In fast-paced research and development environments, collecting and labeling real-world data for machine learning is often impractical and costly due to equipment expenses, limited availability, and environmental variability. With the rapid evolution of UAS technology, from commercial small unmanned aircraft systems (sUAS) to large military unmanned aircraft (UAS) and the dynamic nature and locations of modern warfare, adaptable detection systems are more critical than ever. Distinguishing UAS from natural flyers, such as birds, as well as clutter, such as trees, is essential to reduce false positives and improve the reliability of the detection system. Synthetic data offers a solution by accelerating development and enabling scalable counter-UAS detection models.

This research evaluates the effectiveness of synthetic video data in training the YOLOv8 architecture for counter-UAS applications, a growing focus in defense. The diversity in aircraft sizes, speeds, and materials, combined with the presence of natural flyers such as birds, complicates detection systems that rely solely on real-world data. Synthetic data enables the simulation of various types of UAS and natural flyers, improving the detection accuracy under various conditions.

Synthetic videos were generated using the DIRSIG environment, which accurately simulates real-world conditions. A specific location on the campus of the Rochester Institute of Technology (Rochester, New York, USA) was modeled, featuring an open field with a forested background, providing realistic scenarios for small unmanned aircraft and birds flying through the scene. This focus on video sequences replicates real-world conditions and offers potential for future AI models that incorporate flight paths.

Examples where the addition of synthetic data to both the training and validation sets negatively impacted the model’s performance. The red boxes represent the ground truth, while the blue boxes represent the model’s predictions.

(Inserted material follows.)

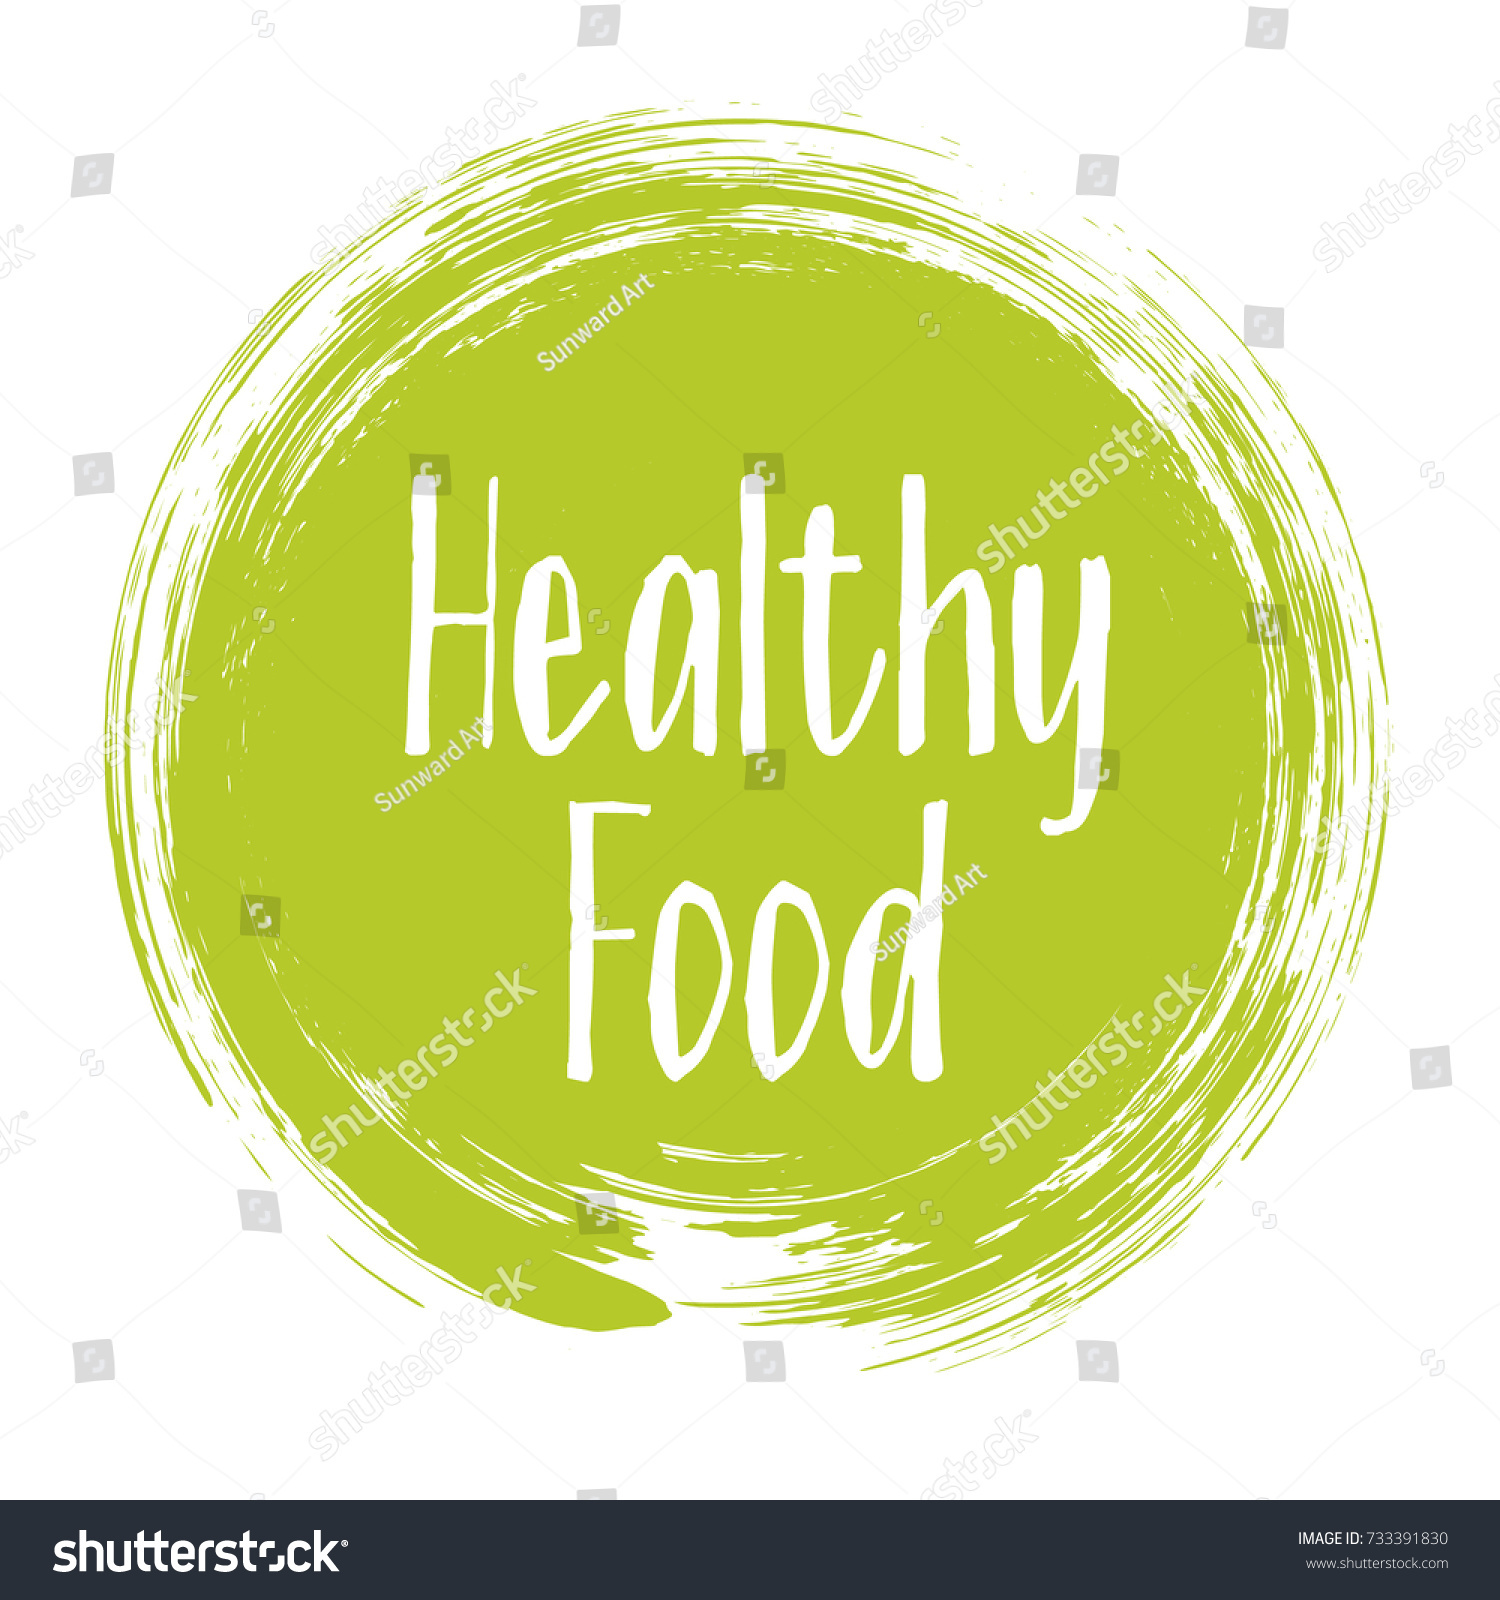 Healthy Food Icon Painted Label Vector Stock Vector (Royalty Free ...

These instances highlight rare cases where the model trained on purely real data outperformed the model trained with a mix of synthetic and real data.

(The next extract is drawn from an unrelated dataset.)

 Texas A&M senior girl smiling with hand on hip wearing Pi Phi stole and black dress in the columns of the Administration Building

Figure 1: Examples where the addition of synthetic data to both the training and validation sets negatively impacted the model’s performance. The red boxes represent the ground truth, while the blue boxes represent the model’s predictions. These instances highlight rare cases where the model trained on purely real data outperformed the model trained with a mix of synthetic and real data.

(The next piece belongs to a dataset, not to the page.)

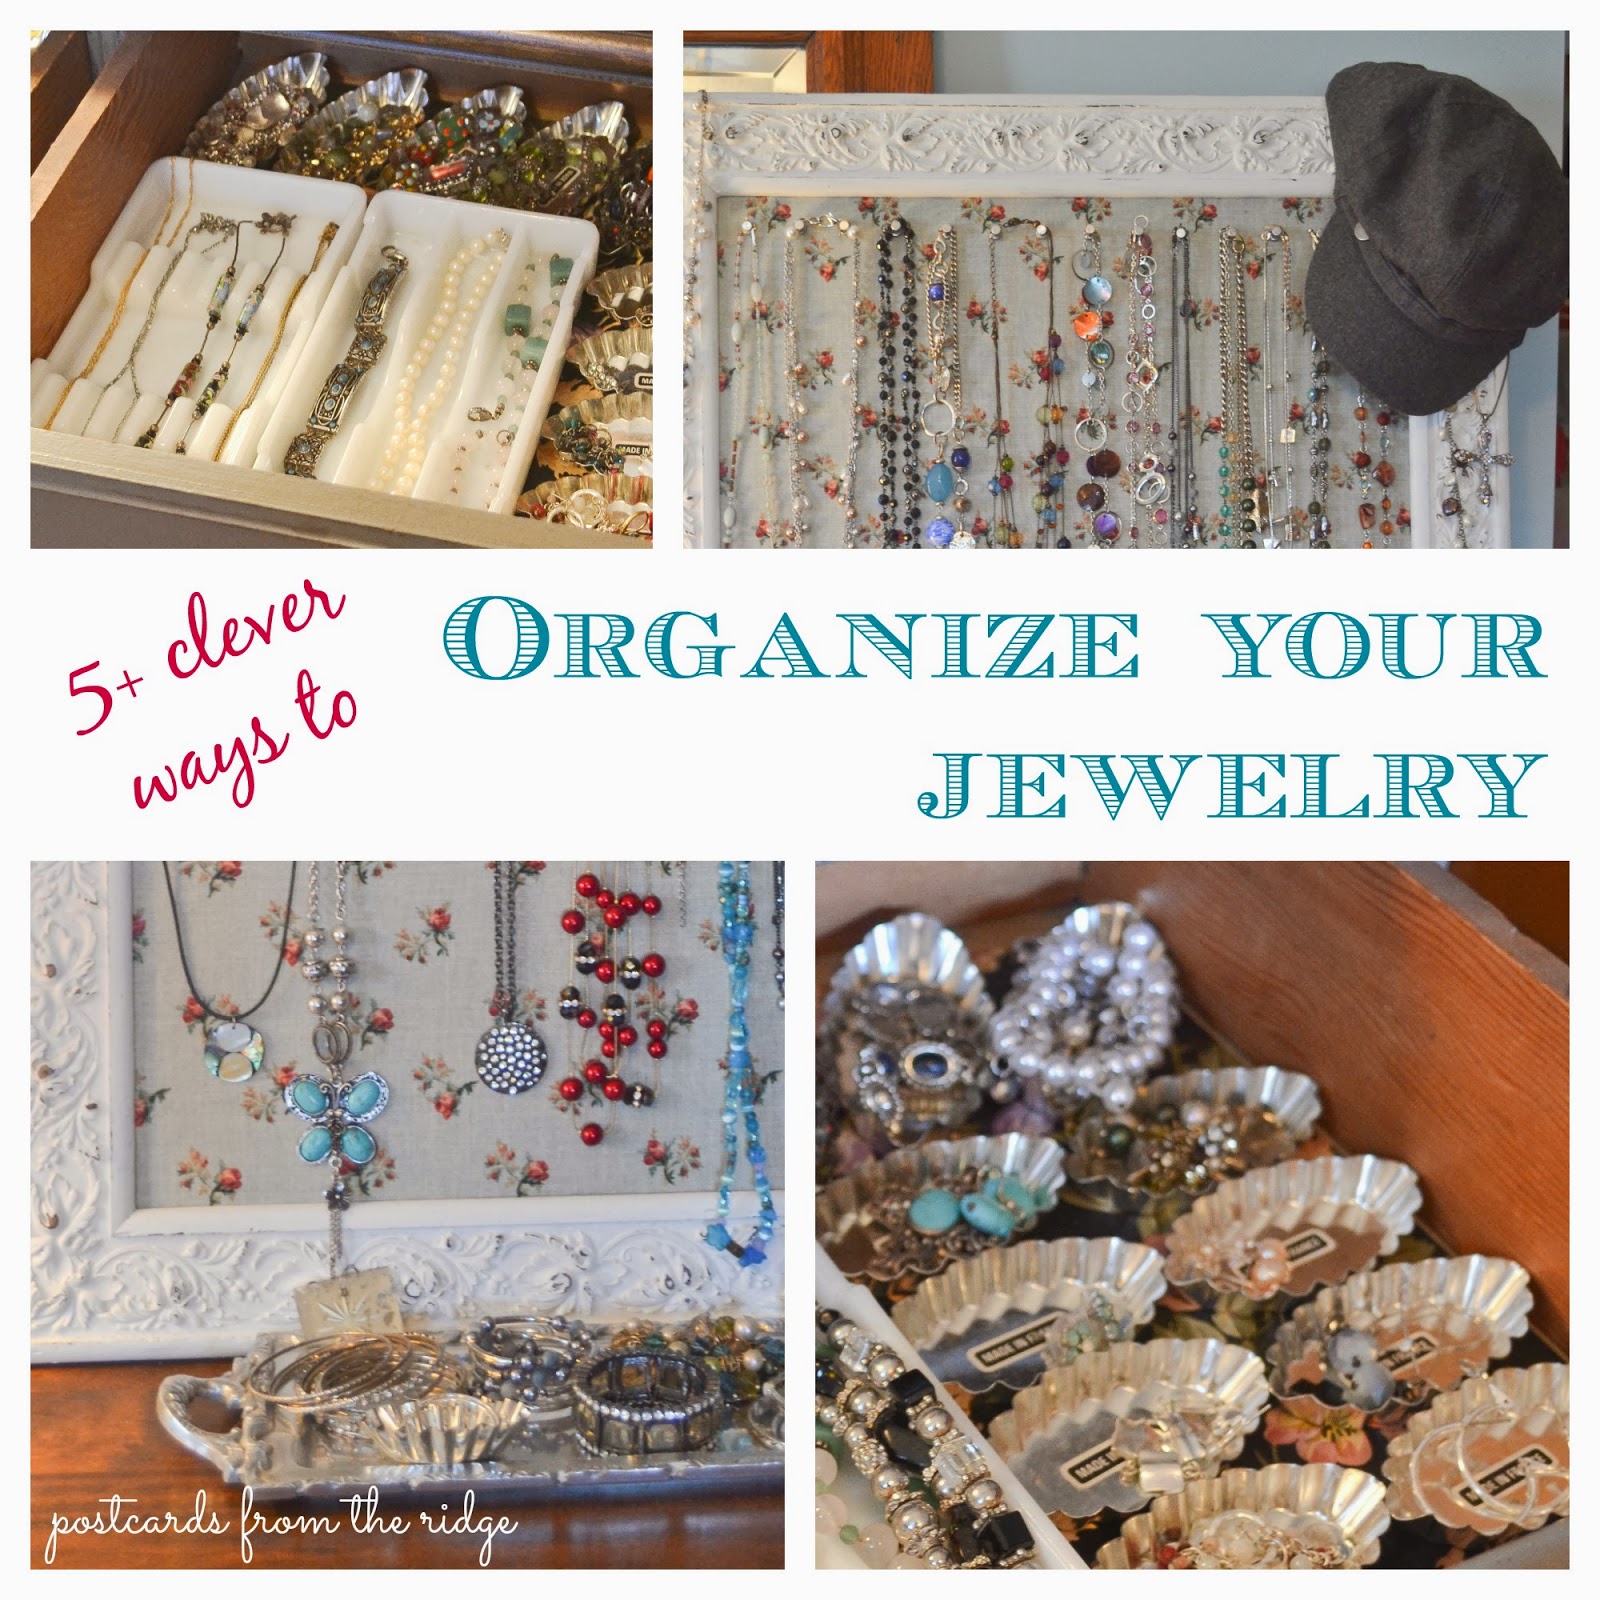 How clever!  Different vintage items repurposed for jewelry organization.  Love it.

Although this study focuses on visible spectrum imagery due to the challenges of collecting real-world data for comparison, the current DIRSIG model is fully capable of simulating the capture of SWIR, MWIR, and LWIR image data. These additional bandpass regions are critical for detection in low-visibility and nighttime scenarios and are expected to be used in the near future. This research aims to develop a more robust system capable of adapting to the evolving sUAS landscape, enabling accurate detection of various makes and models of unmanned aircraft while distinguishing them from other natural flyers, such as birds.

Performance snapshots illustrating superior synthetic data performance in cluttered scenarios. Each frame compares ground truth bounding boxes (red) against predicted bounding boxes (blue). Synthetic-trained models seemingly excel during periods of increased environmental clutter and occlusions.

Figure 2: Performance snapshots illustrating superior synthetic data performance in cluttered scenarios. Each frame compares ground truth bounding boxes (red) against predicted bounding boxes (blue). Synthetic-trained models seemingly excel during periods of increased environmental clutter and occlusions.

References

[1] Spinosa, L. D., Dank, J. A., Kremens, M. V., Spiliotis, P. A., Cox, N. A., Bodington, D. E., Babcock, J. S., and Salvaggio, C. Feasibility of using synthetic videos to train a yolov8 model for uas detection and classification. In Synthetic Data for Artificial Intelligence and Machine Learning: Tools, Techniques, and Applications III (2025), vol. 13459, SPIE, pp. 365–383.